Die Nachrichten zu den Hintergründen des Attentates haben sich inzwischen herum gesprochen. Der 32-jährige Anders Behring B., der am späten Freitagnachmittag wie ein Amokschütze wahllos auf die Jugendlichen auf der Insel Utøya schoss, liess, wahrscheinlich per Fernzündung, zuvor offenbar auch die Bombe am Regierungsgebäude explodieren. Er soll feindlich gegen über Muslimen eingestellt sein und rechtsextreme Ansichten haben, ist aber offenbar kein aktives Mitglied einer organisierten neonazistischen Vereinigung.
«22-07-2011»
Die Boulevard-Zeitung VG präsentiert sein Bild auf der Titelseite ihrer Samstagausgabe: ein jugendlicher, gut aussehender Mann mit blonden Haaren. Er sieht harmlos aus, doch wie sehr das Äussere täuschen kann, ist auf den nachfolgenden Seiten des Blattes dokumentiert. Unmittelbar nach der Explosion aufgenommene Fotos vom Unglücksort zeigen blutüberströmte Menschen, Rettungskräfte, denen man ansieht, dass sie diese Stunden niemals vergessen werden. Das Blatt «Aftenposten» zeigt auf seiner ersten Seite ein Foto des Regierungsgebäudes. Sämtliche Fenster sind zerstört, darunter findet sich nur das geschriebene Datum: «22-07-2011».

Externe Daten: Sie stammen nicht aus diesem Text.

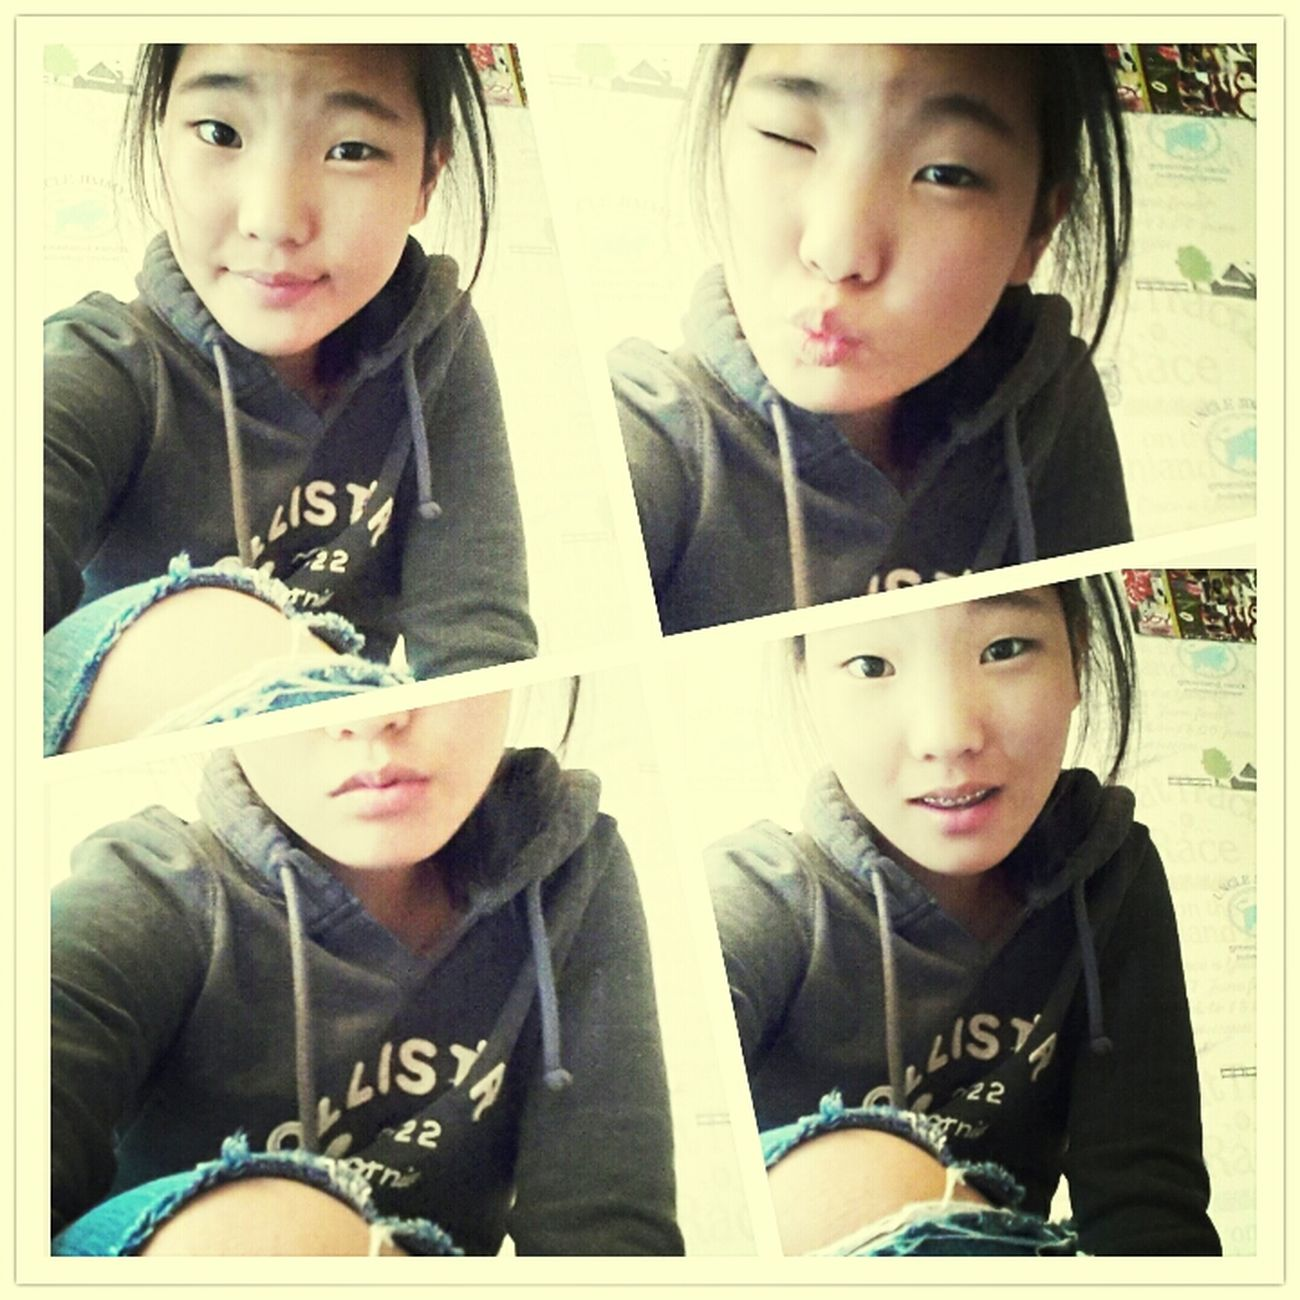 #chilling#boring#wednesday#hollister#pullover#abercrombie#jeans#me#korean#asian#girl♡

Wie sehr der Tag die Stadt Oslo, seine Einwohner und ganz Norwegen verändern wird, ist nicht absehbar. Dem ersten Eindruck nach scheinen die Osloer entschlossen, sich nicht unterkriegen zu lassen. «Wir müssen besonnen bleiben», sagt ein Busfahrer, der vom Knall der Explosion auf seinem Fahrersitz, einige Kilometer vom Unglücksort entfernt, aufgeschreckt wurde. Norwegen sei ein offenes Land, die Menschen hier wollten in einem freien Staat leben, an dem nicht an jeder Ecke Polizisten oder Absperrgitter zu sehen seien.
Ob durch Islamisten oder andere Attentäter - auch im beschaulichen Norwegen hätten die Menschen gewusst, dass sie ein Terroranschlag treffen könnte. «Aber es sterben noch immer viel mehr Menschen im Strassenverkehr als nach Anschlägen», sagt der Mann. Klar, man solle vorsichtig sein. «Aber wir dürfen uns keine Angst einjagen und uns unsere Freiheit nicht nehmen lassen.»